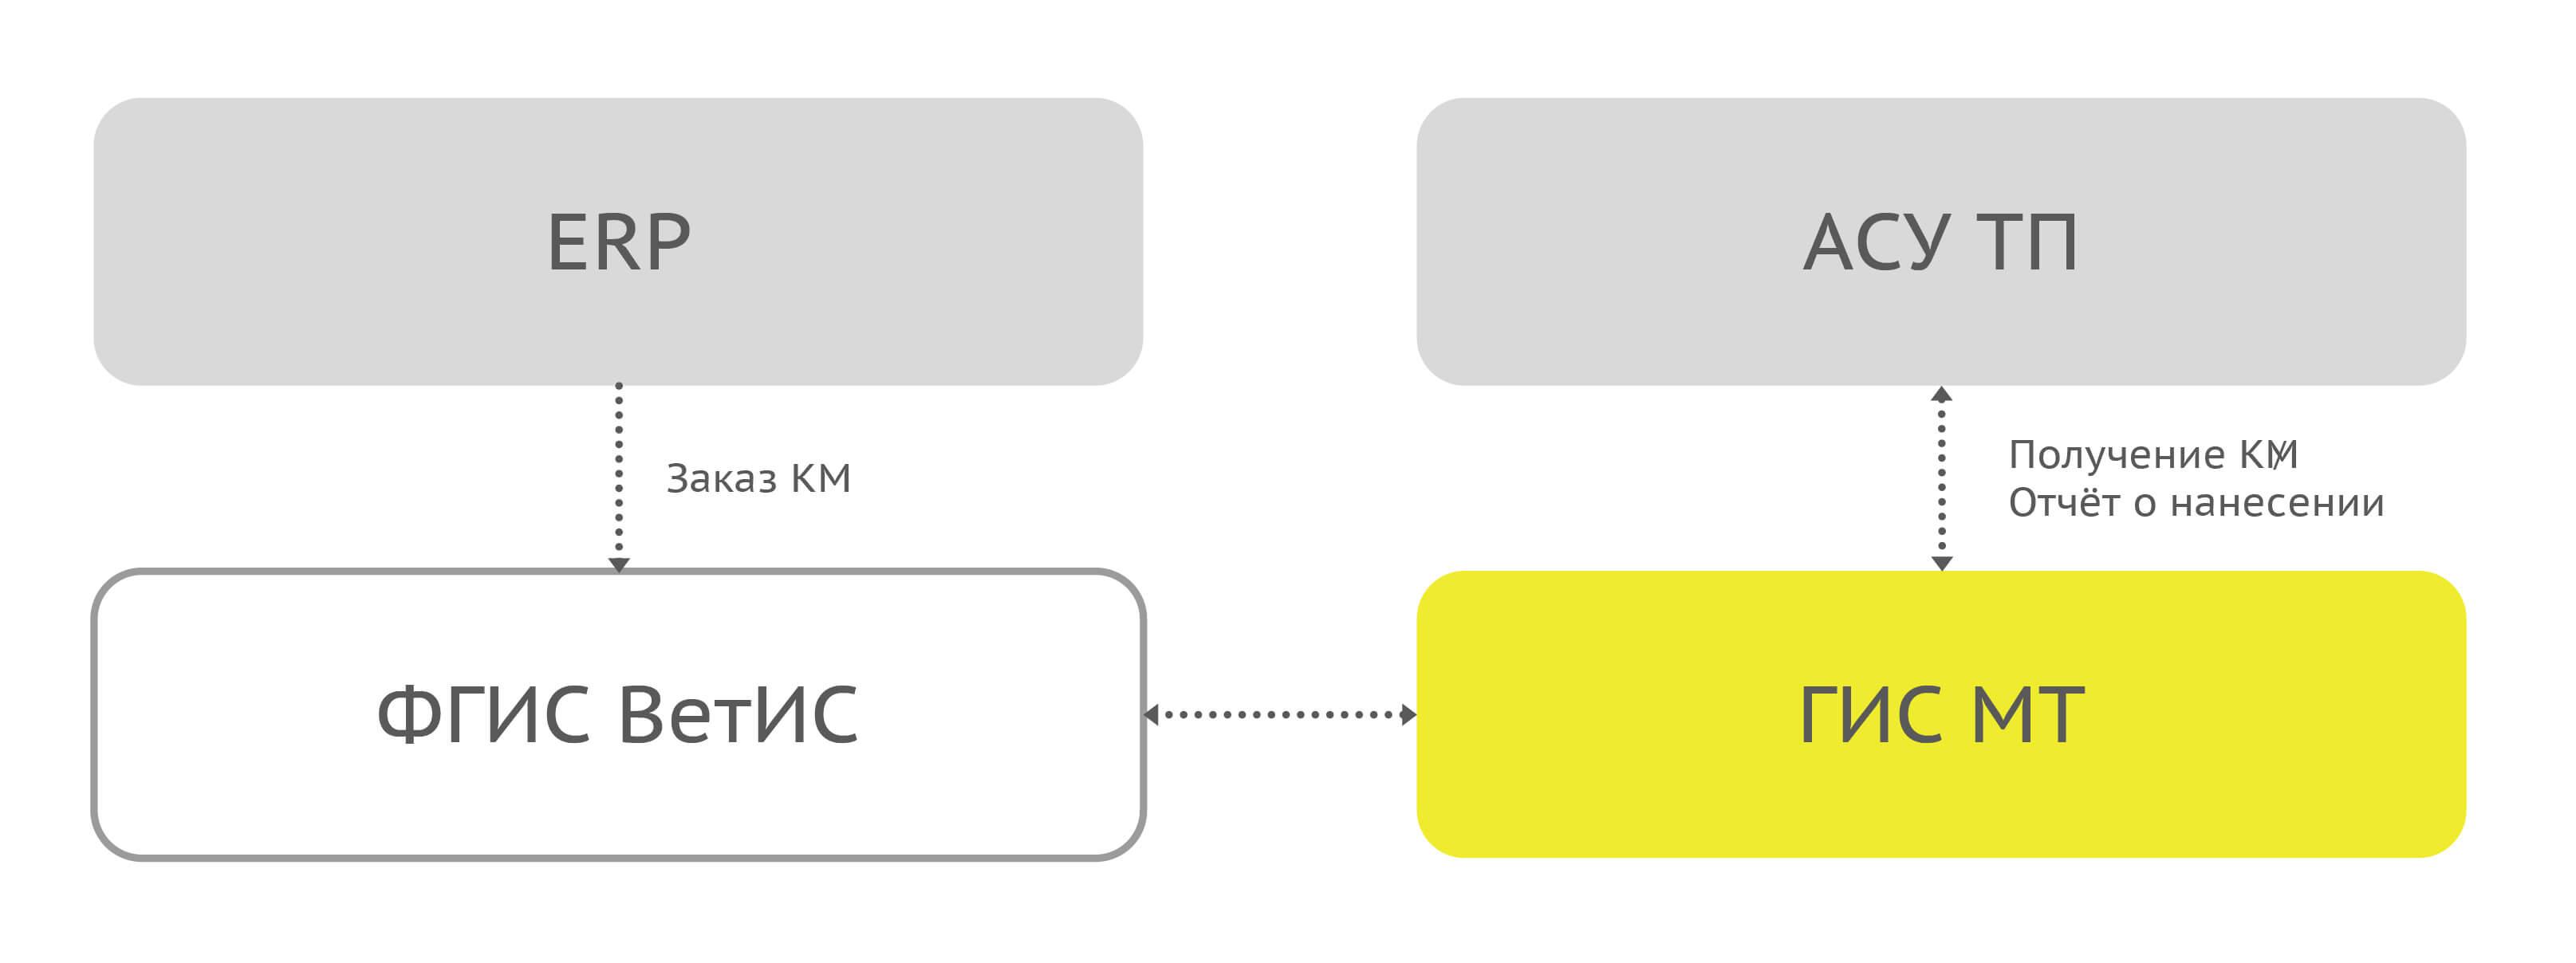 Схема_3.jpg
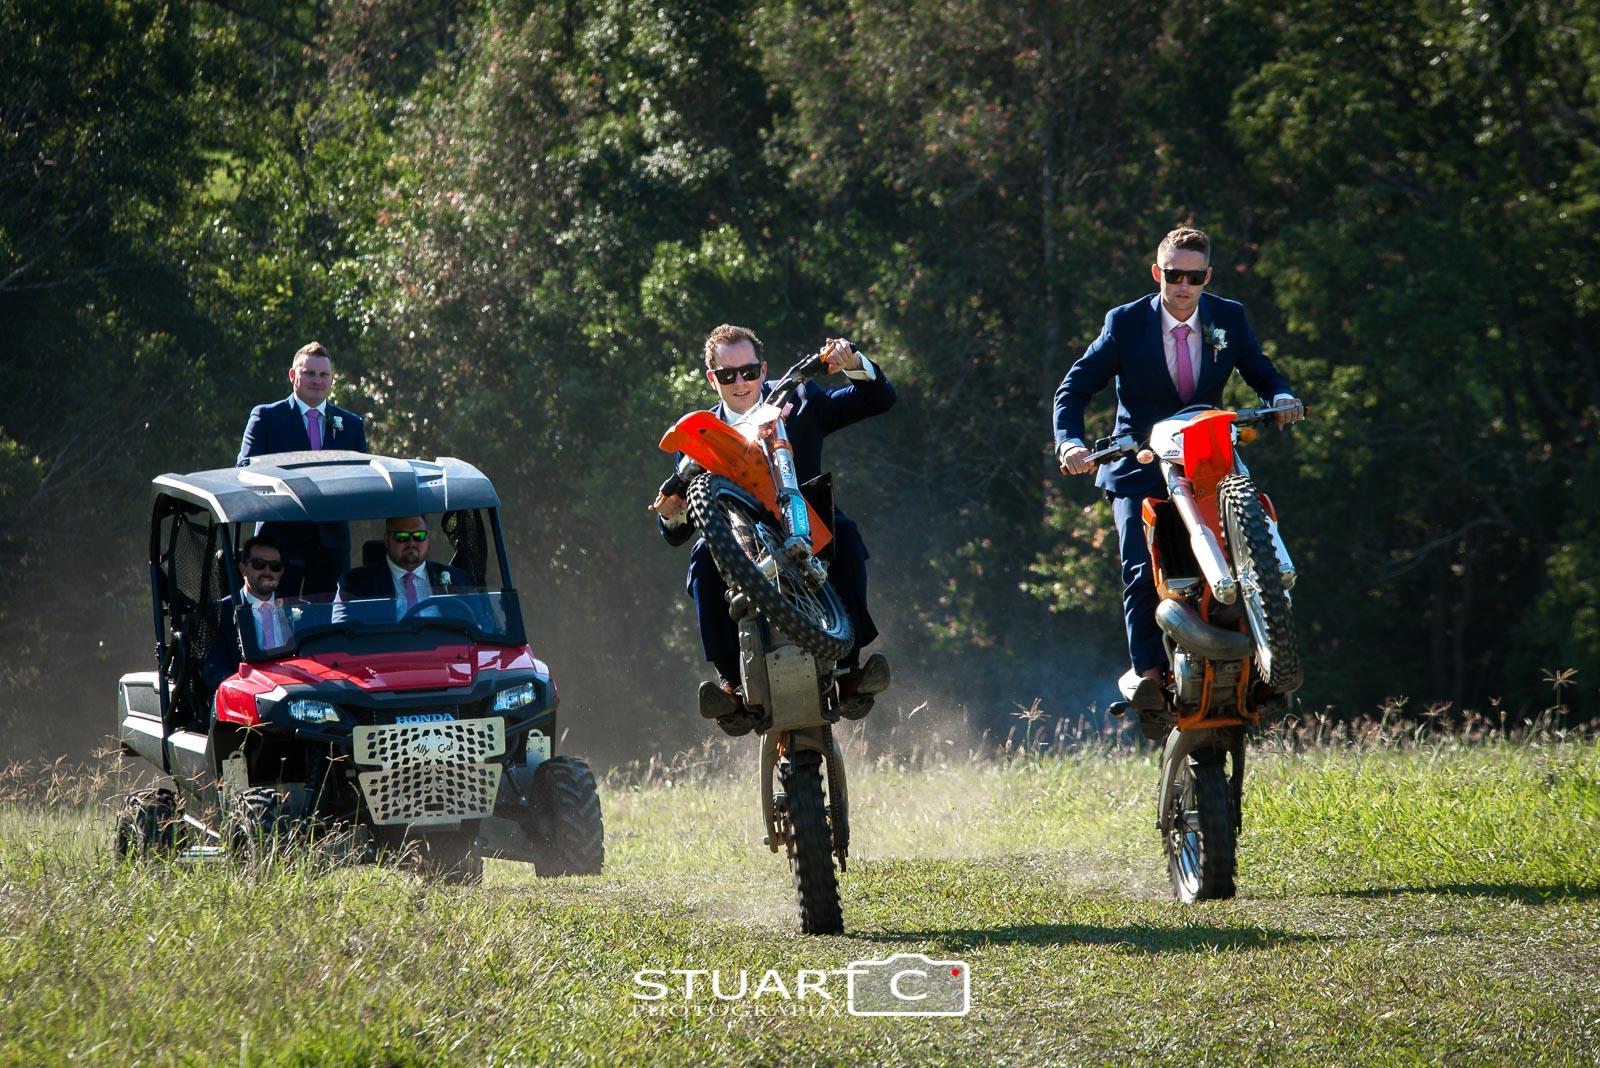 Groom and Groomsmen on motorbikes pulling wheely
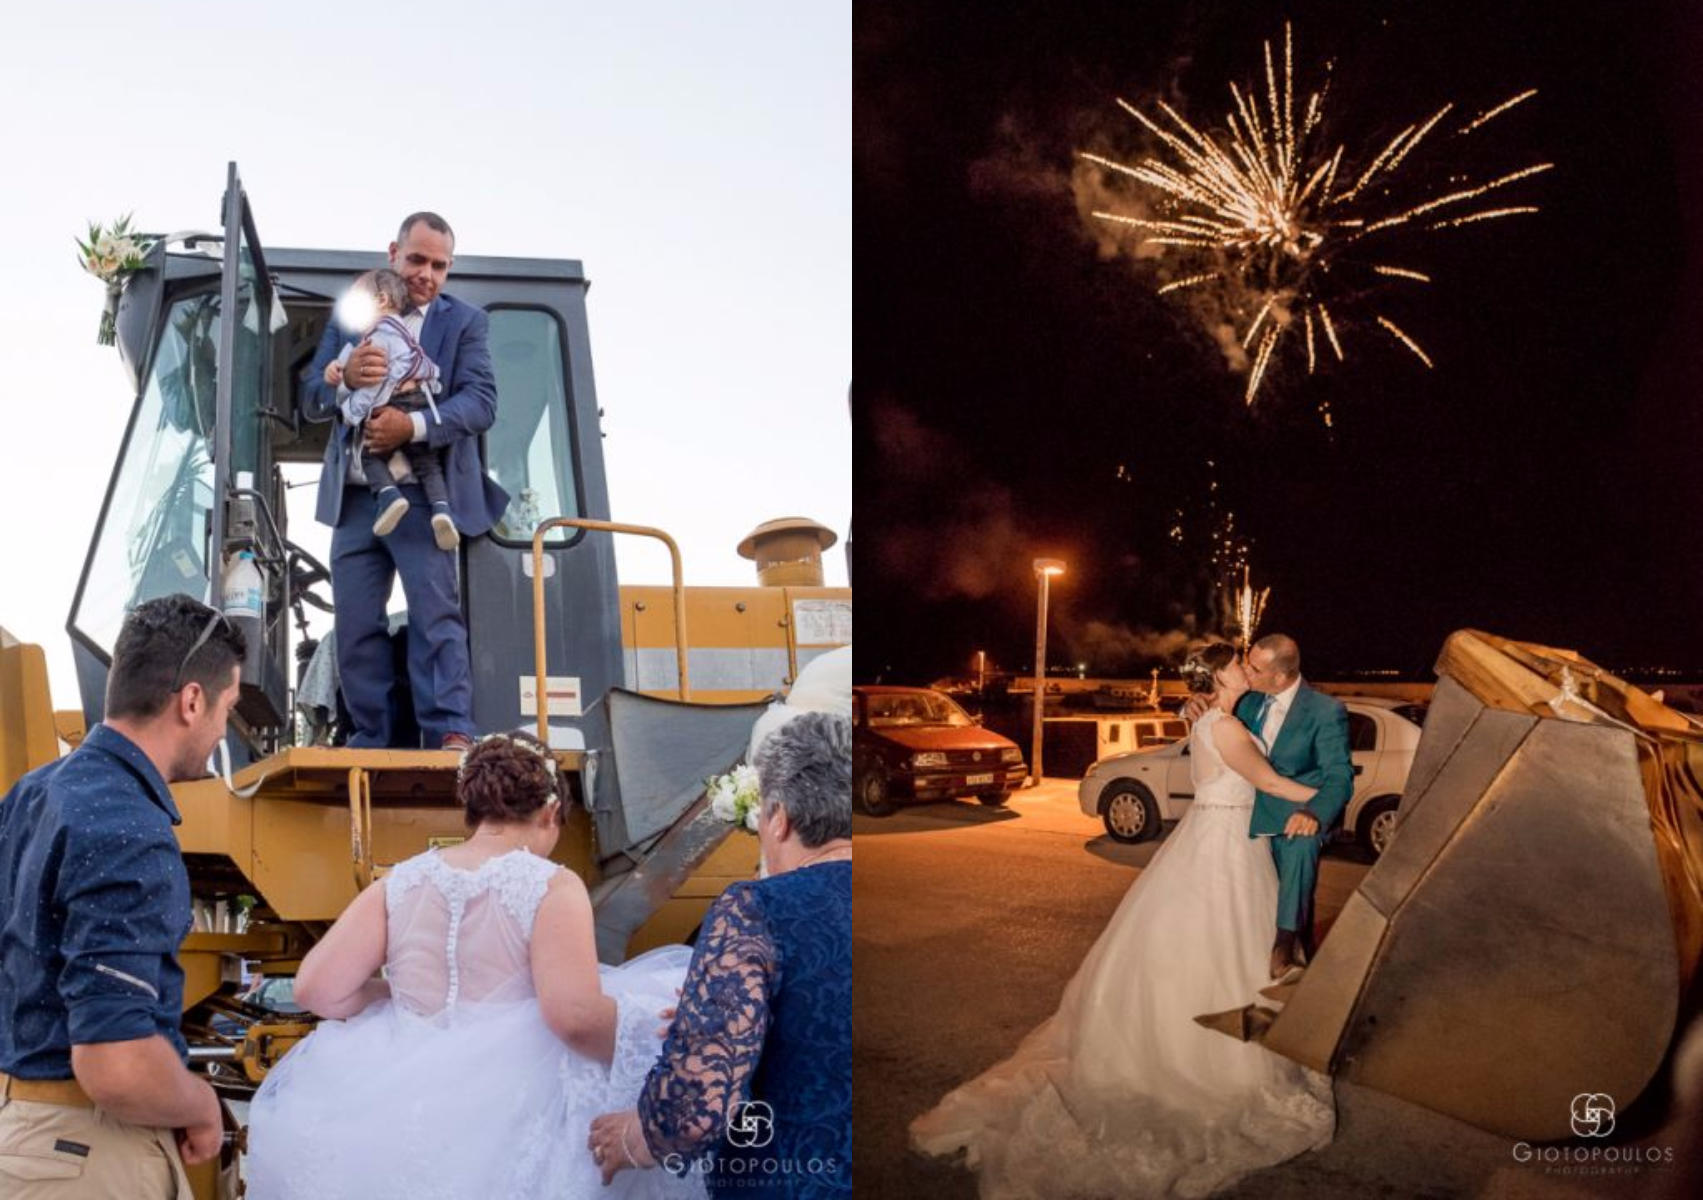 ef6d29a43ea Σε μπουλντόζα φόρτωσε τη νύφη ο γαμπρός σε γάμο στην Πρέβεζα ...
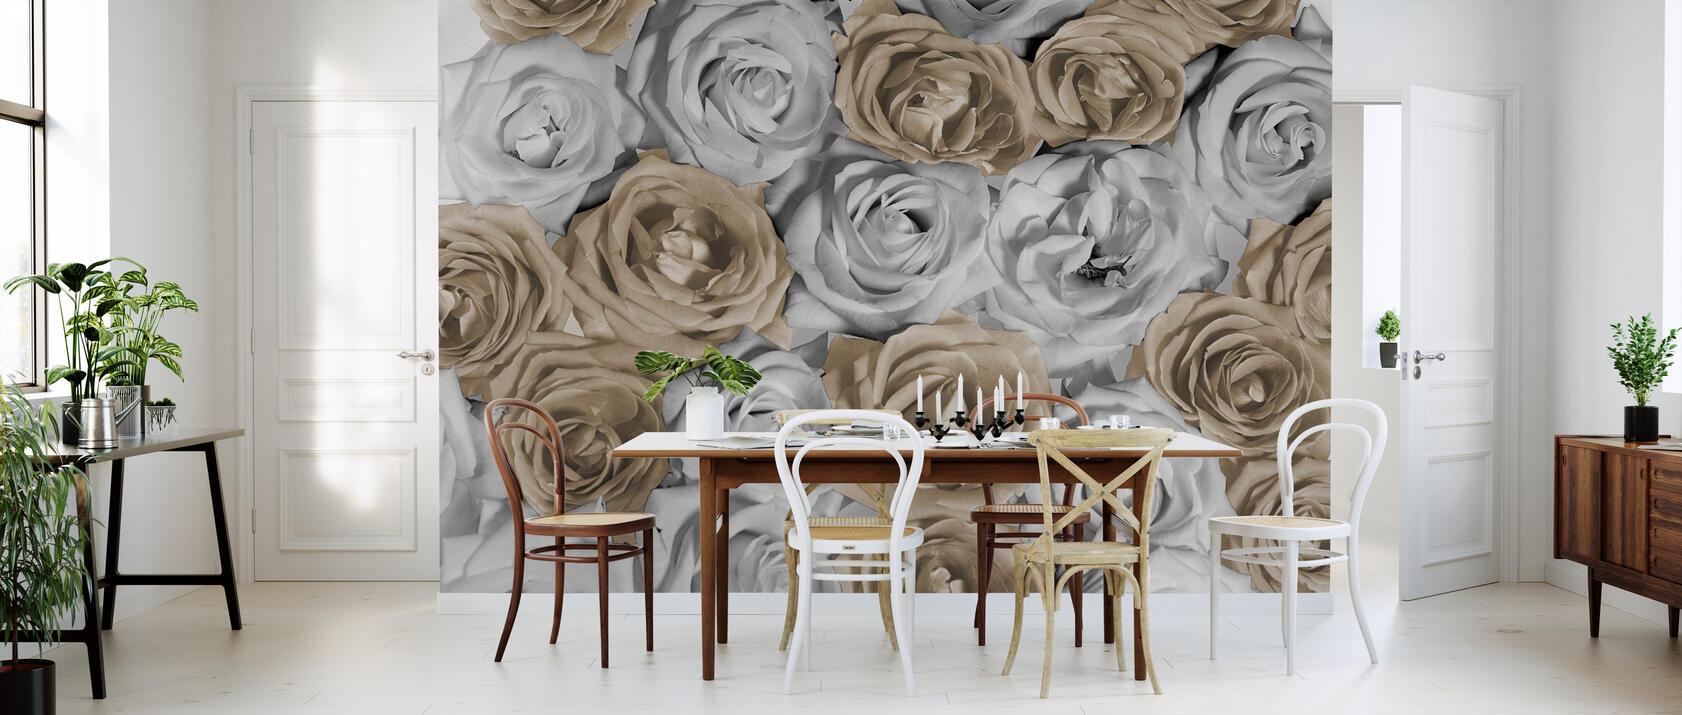 nice roses 1 d coration murale de grande qualit avec livraison gratuite photowall. Black Bedroom Furniture Sets. Home Design Ideas

▶ **Exercise requirements**
Every line from the one holding "Groom and Groomsmen" to the last line of the listing above, inclusive, must appear exactly as written, and no picture may appear.

▶ **Answer area**
 Groom and Groomsmen on motorbikes pulling wheely
 ef6d29a43ea Σε μπουλντόζα φόρτωσε τη νύφη ο γαμπρός σε γάμο στην Πρέβεζα ...
 nice roses 1 d coration murale de grande qualit avec livraison gratuite photowall. Black Bedroom Furniture Sets. Home Design Ideas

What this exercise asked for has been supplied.